Your goal |
Working through the data below, reproduce word for word the line with "Hazy IPA Gift Box - Shipping Included!" and every line after it, both ends included, and omit the pictures.

Available data |
▽

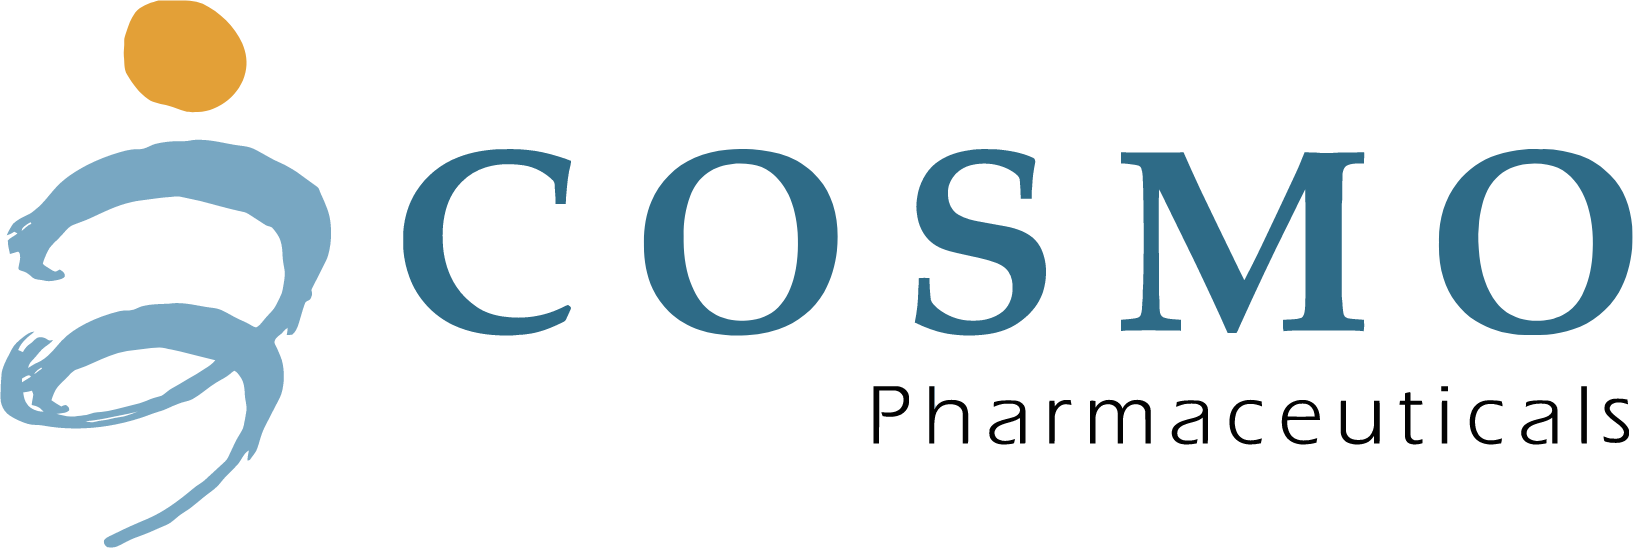 Cosmo Pharmaceuticals logo large (transparent PNG)
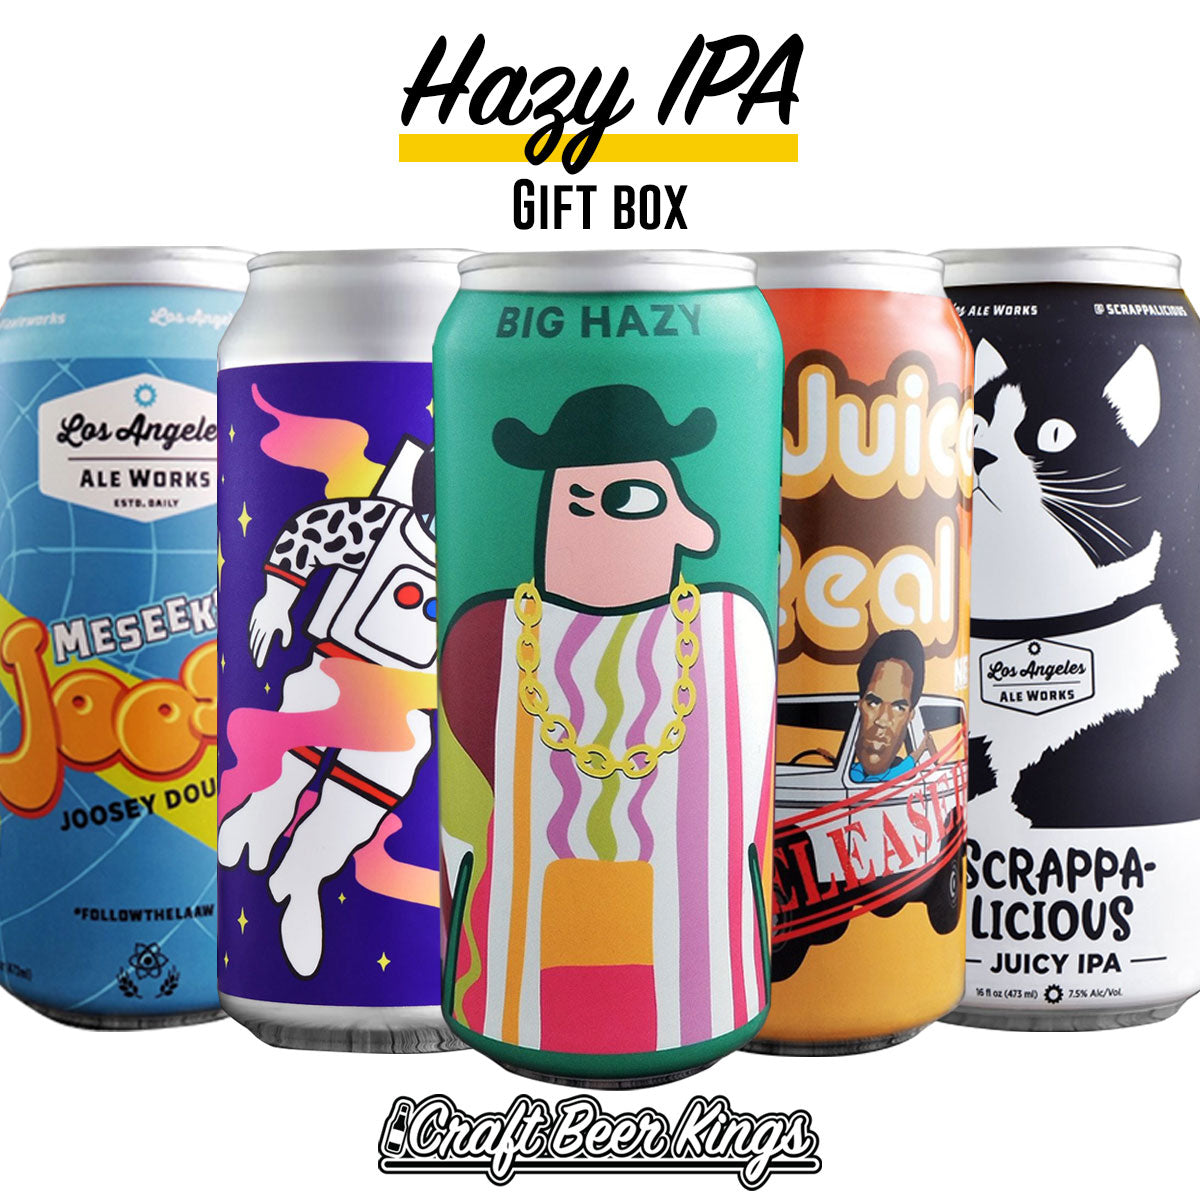 Hazy IPA Gift Box - Shipping Included!
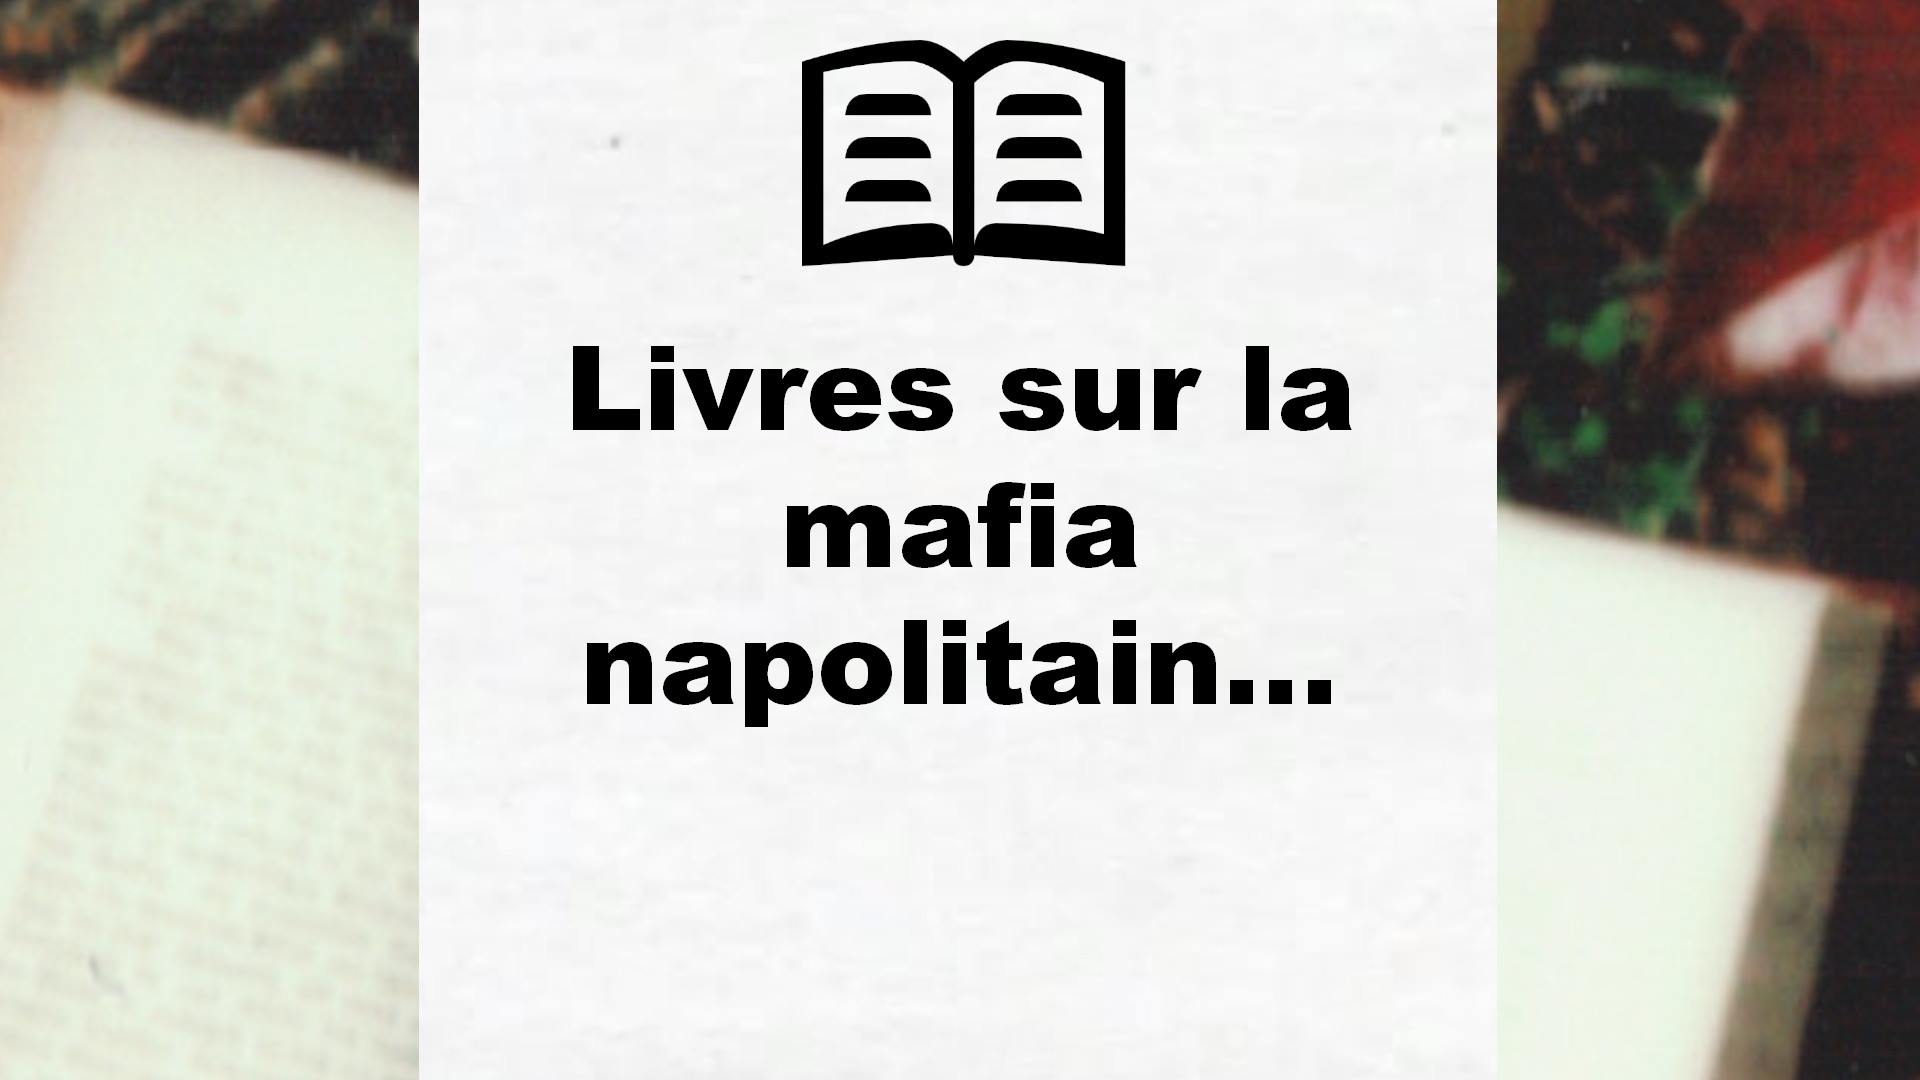 Livres sur la mafia napolitaine

△

Response to the exercise |
 Hazy IPA Gift Box - Shipping Included!
 Livres sur la mafia napolitaine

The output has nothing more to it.